┌──
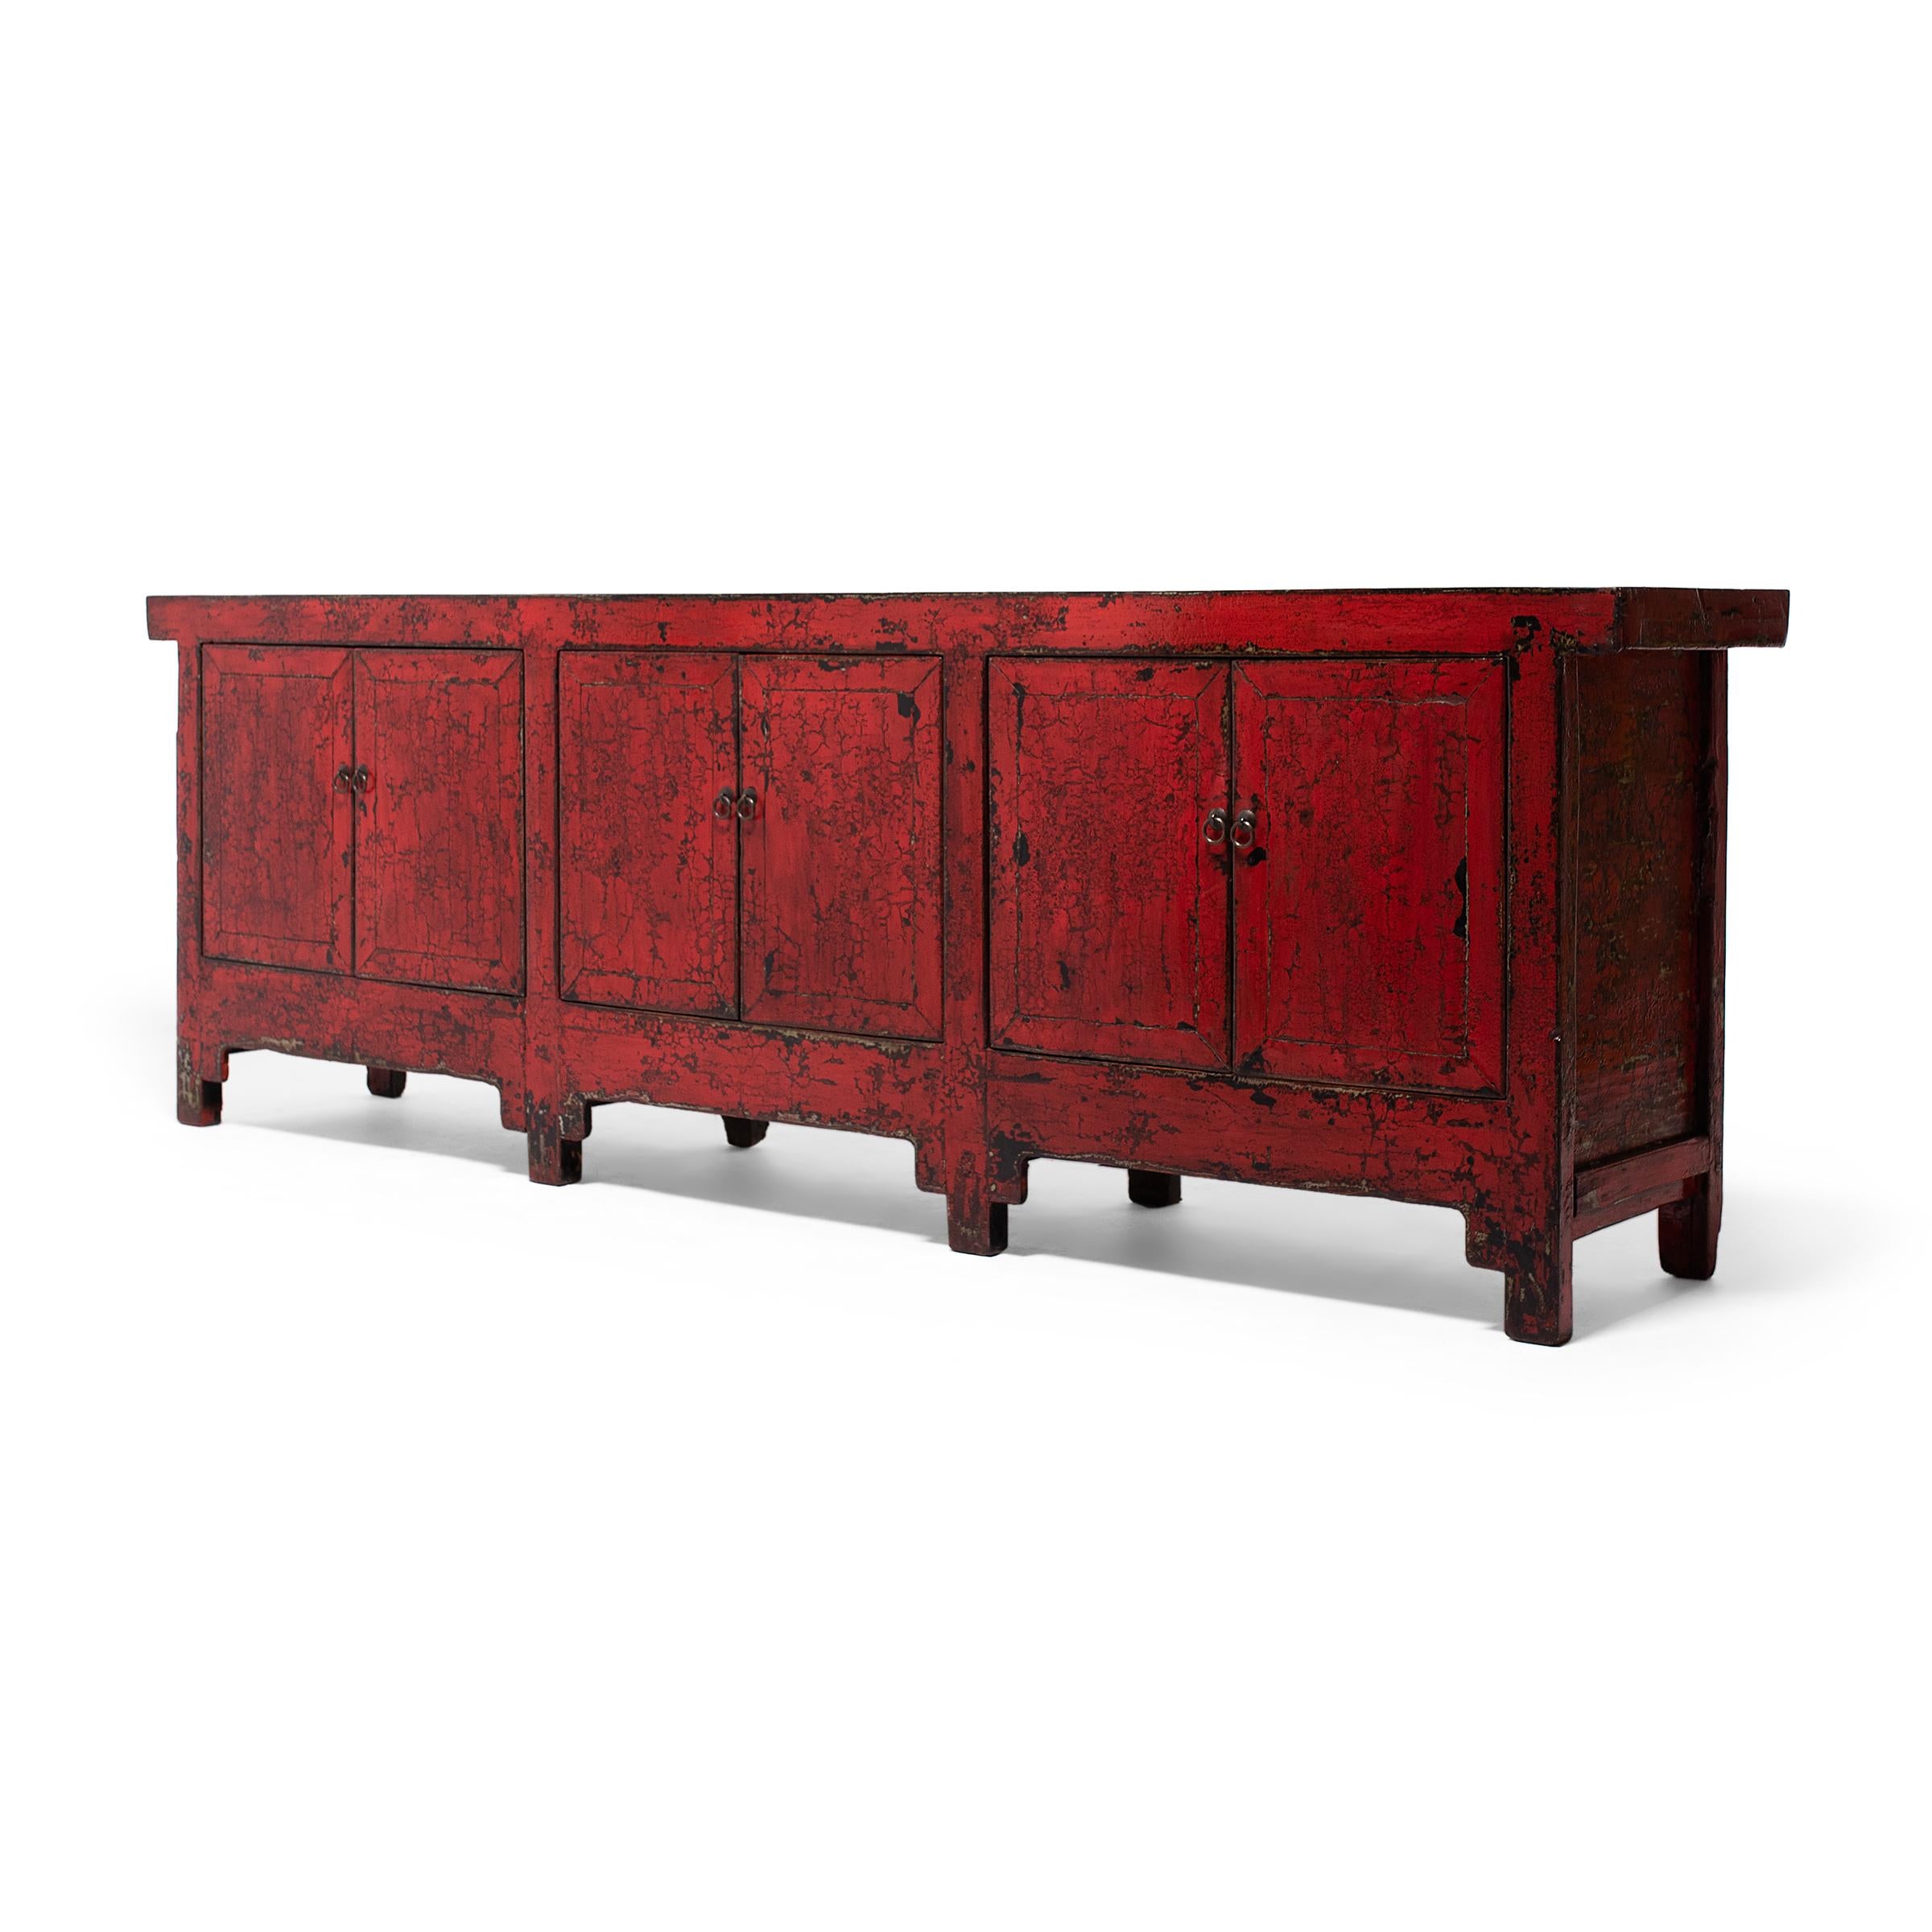 20th Century Chinese Red Lacquer Grasslands Coffer, c. 1900
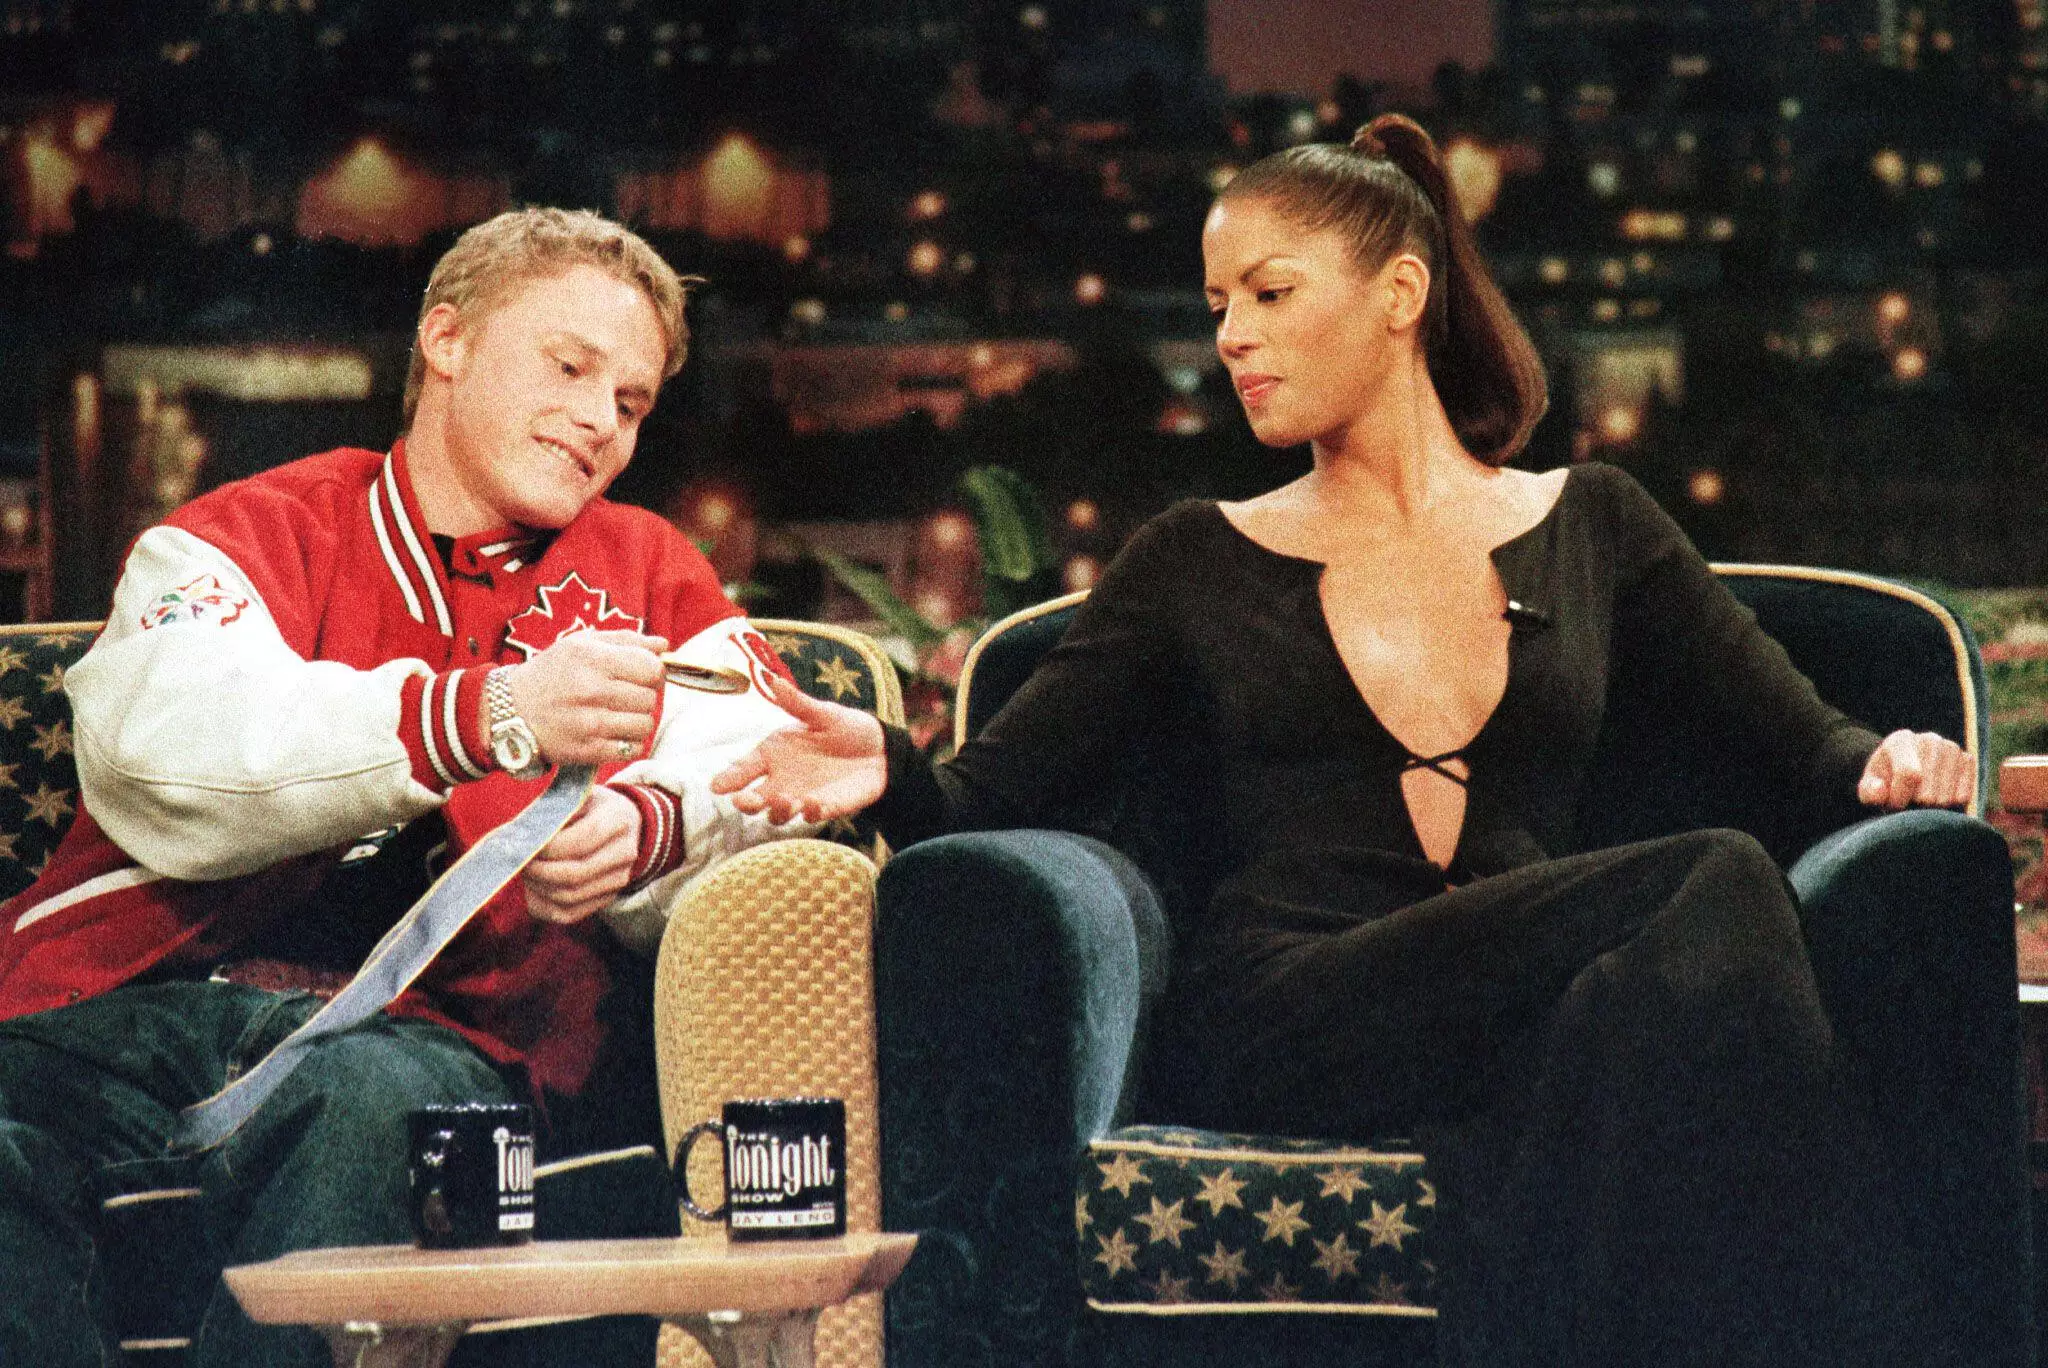 Ross Rebagliati shows his medal to supermodel Veronica Webb on a TV show.
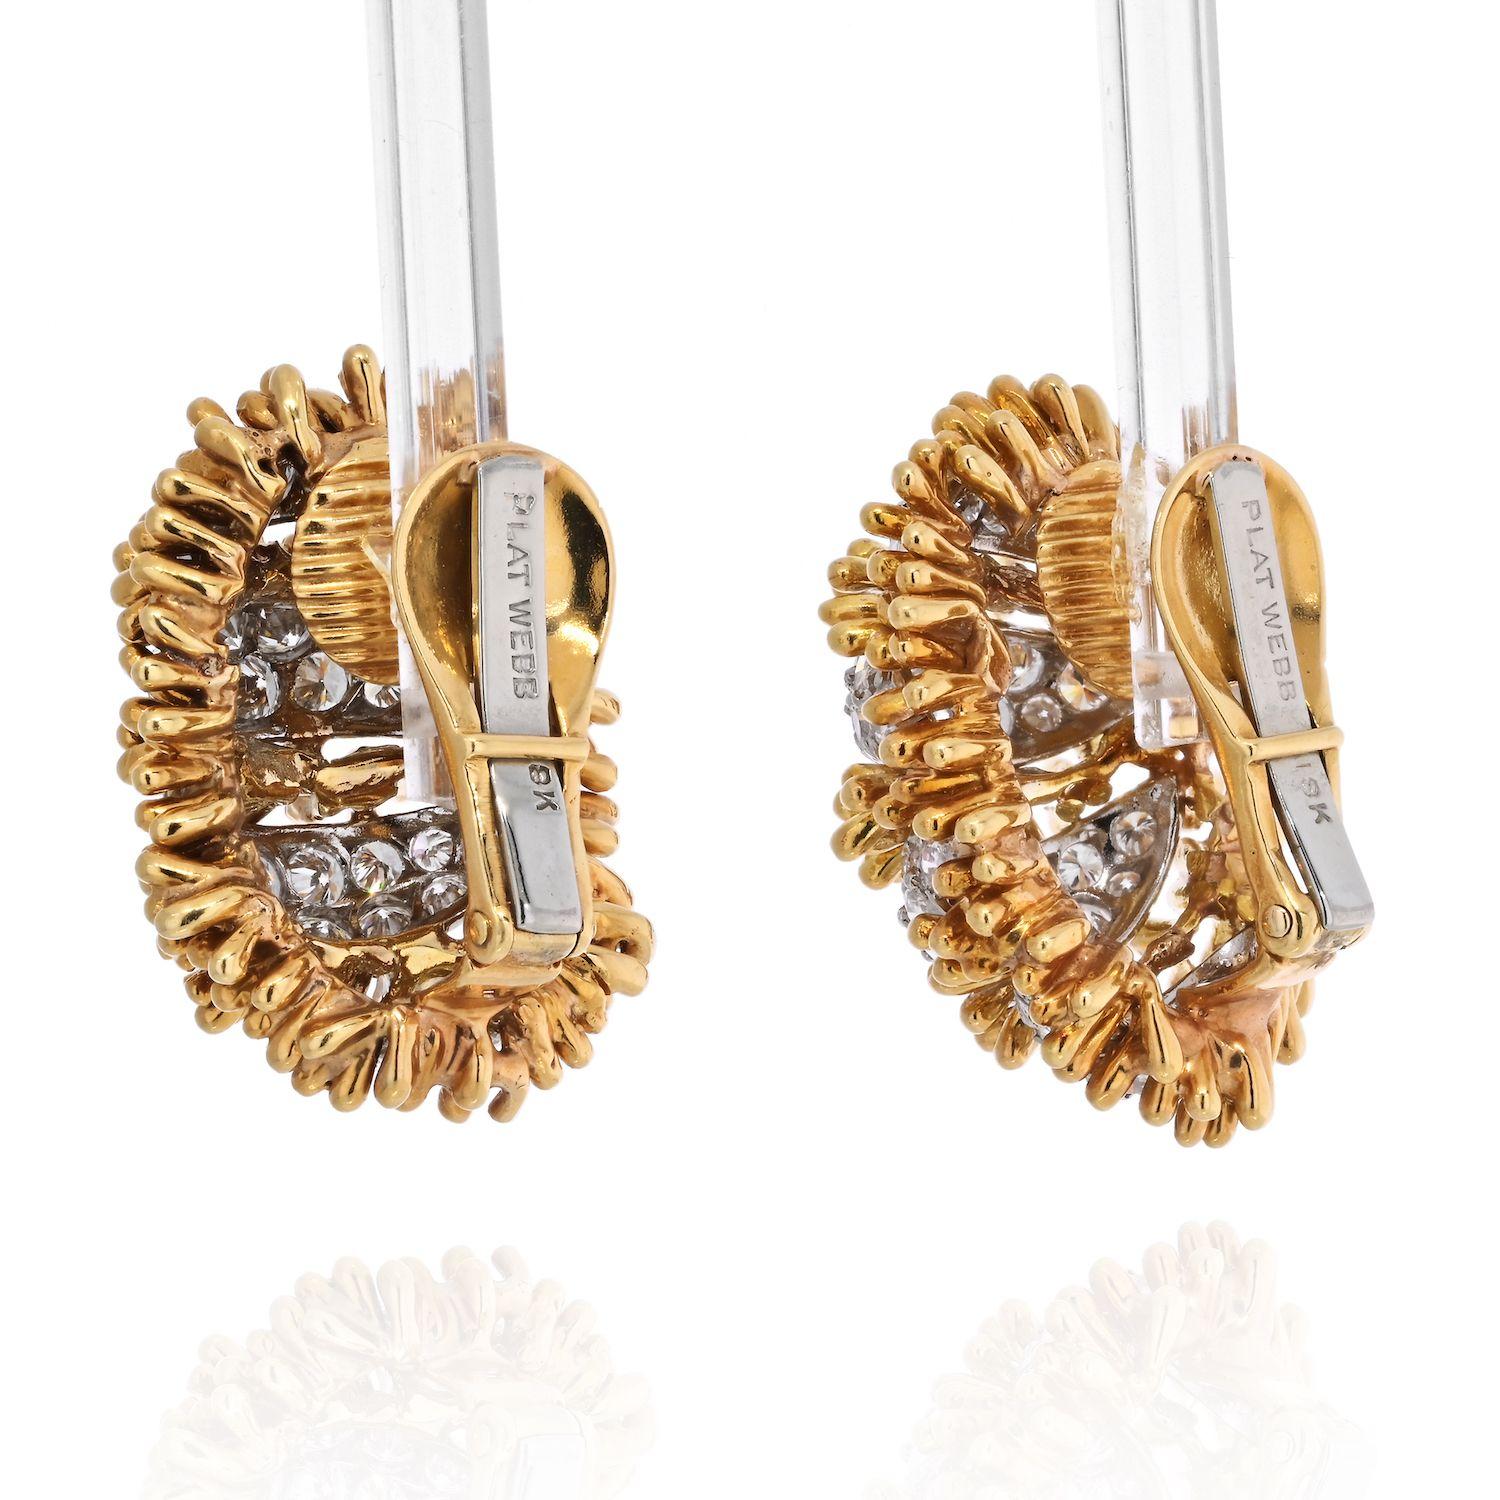 Designed by quintessential top drawer  American jeweler David Webb, c. 1970, each crafted in platinum, polished 18K yellow gold and diamonds.
David Webb ear clips have a domed yellow gold beaded design measuring 26 x 20mm  with each earring
└──
YOUR OBJECTIVE –
All that is required is an exact reproduction of the lines from the one containing "Ross Rebagliati shows" to the final line of the listing above, pictures omitted.

TASK SOLUTION –
 Ross Rebagliati shows his medal to supermodel Veronica Webb on a TV show.
 Designed by quintessential top drawer  American jeweler David Webb, c. 1970, each crafted in platinum, polished 18K yellow gold and diamonds.
David Webb ear clips have a domed yellow gold beaded design measuring 26 x 20mm  with each earring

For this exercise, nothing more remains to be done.